Testosterone Therapy for Menopause Is the Most Underused Treatment in Women’s Health

Testosterone Therapy for Menopause Is the Most Underused Treatment in Women’s Health

Your estrogen levels are optimized. Your hot flashes are gone. You sleep through the night. But your libido is gone. Your energy is flat. Your brain feels like it is wrapped in cotton. Your doctor tells you that your hormone levels are “normal for your age” and sends you home.

That answer is wrong. Testosterone therapy for menopause is the missing piece for millions of women seeking comprehensive menopause treatment whose standard HRT controls their physical symptoms but does nothing for desire, drive, or cognitive clarity. The science is clear. The clinical trials are done. The only thing missing is a medical system willing to prescribe it.

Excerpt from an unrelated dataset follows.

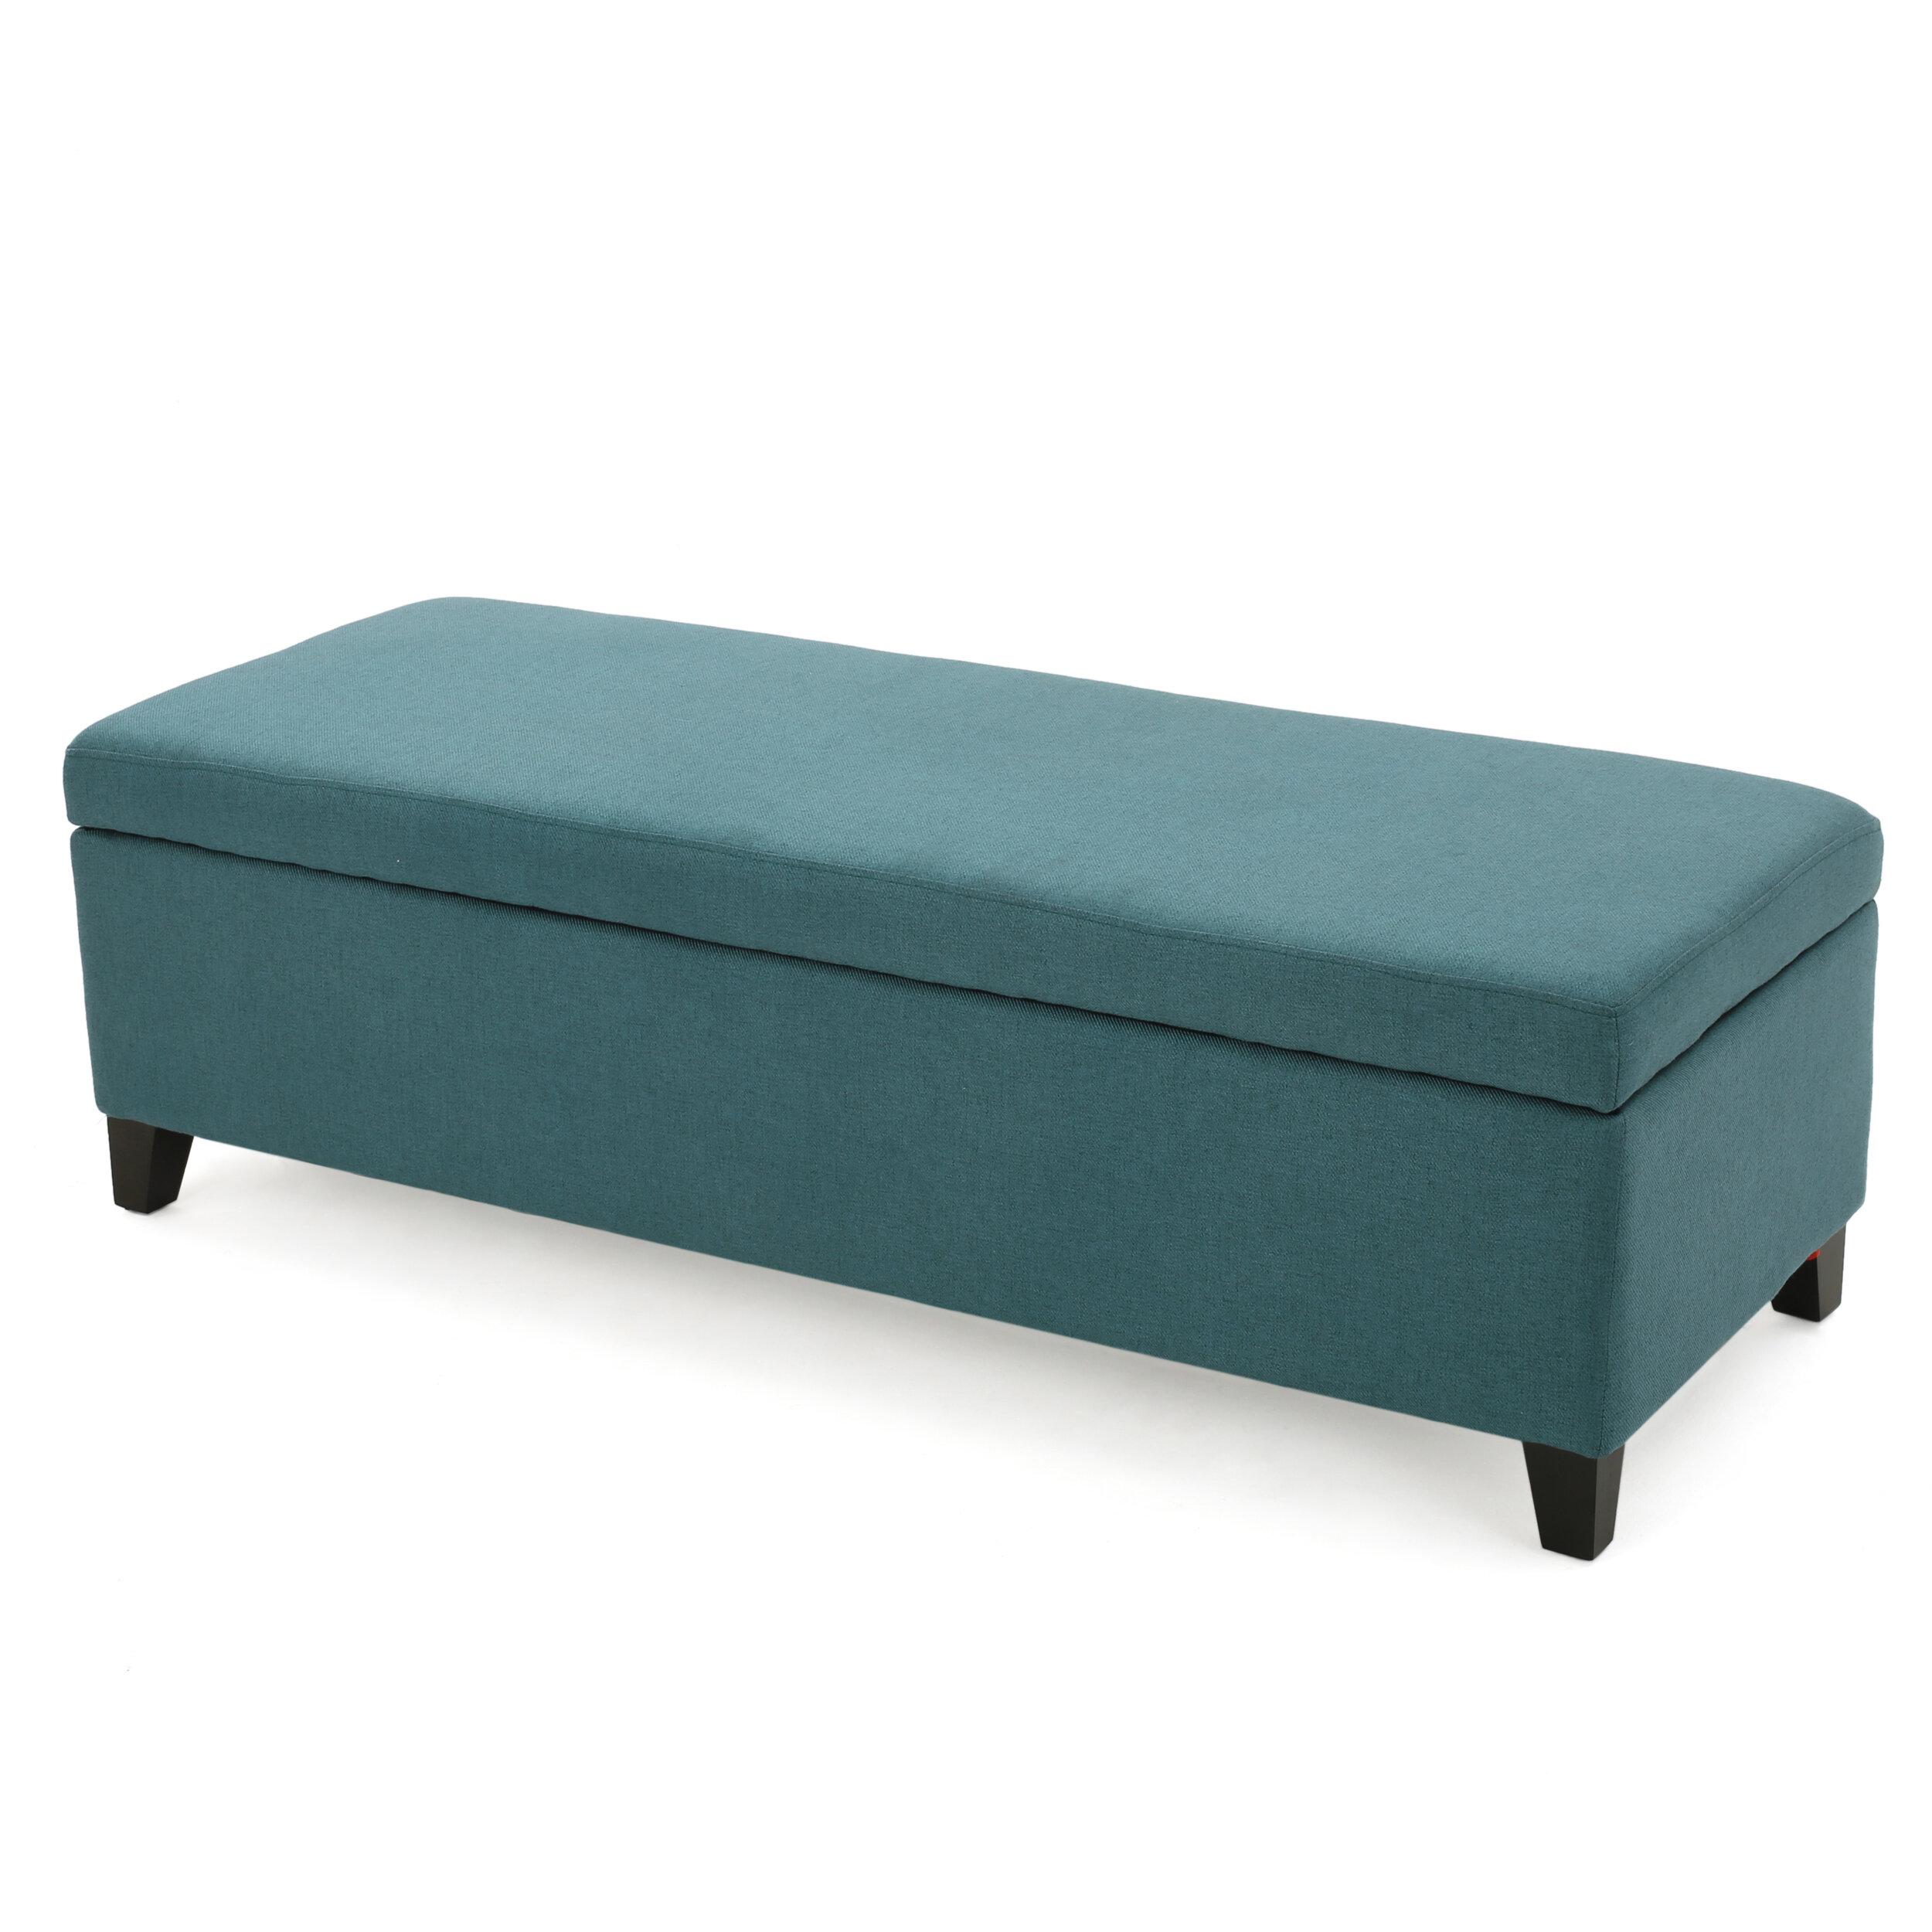 Zipcode Design Ewan Upholstered Storage Bench & Reviews | Wayfair

Women produce roughly three times more testosterone than estrogen before menopause. That is not a typo. Testosterone is manufactured in the ovaries and adrenal glands, and it is the primary fuel for sexual desire, motivation, and energy in women. By the time a woman reaches menopause, her testosterone levels have dropped by approximately 50 percent from her peak in her twenties. Surgical menopause — removal of the ovaries — cuts production by another 40 percent overnight.

The Evidence Base Is Larger Than You Think

If you believe that testosterone therapy in women is unstudied or experimental, you are operating on information that is fifteen years out of date. The 2025 meta-analysis published in Obstetrics & Gynecology (the Green Journal) pooled data from 8,480 naturally and surgically postmenopausal women across multiple randomized controlled trials. The result was unambiguous: transdermal testosterone significantly improved sexual desire, increased the frequency of satisfying sexual events, and reduced distress about low libido.

The safety data matched the efficacy data. Over two years of follow-up, there was no increase in cardiovascular events, no increase in breast cancer diagnoses, and no concerning changes in lipid profiles. The only notable side effect was androgenic skin reactions — acne or unwanted hair growth — in approximately 6 percent of women, a rate that dropped further with dose adjustment.

In 2024, the UK National Institute for Health and Care Excellence (NICE) updated its menopause guidelines to recommend that testosterone can be considered for menopausal women with low sexual desire when hormone replacement therapy alone has not been sufficient. That is a landmark shift from a notoriously conservative body.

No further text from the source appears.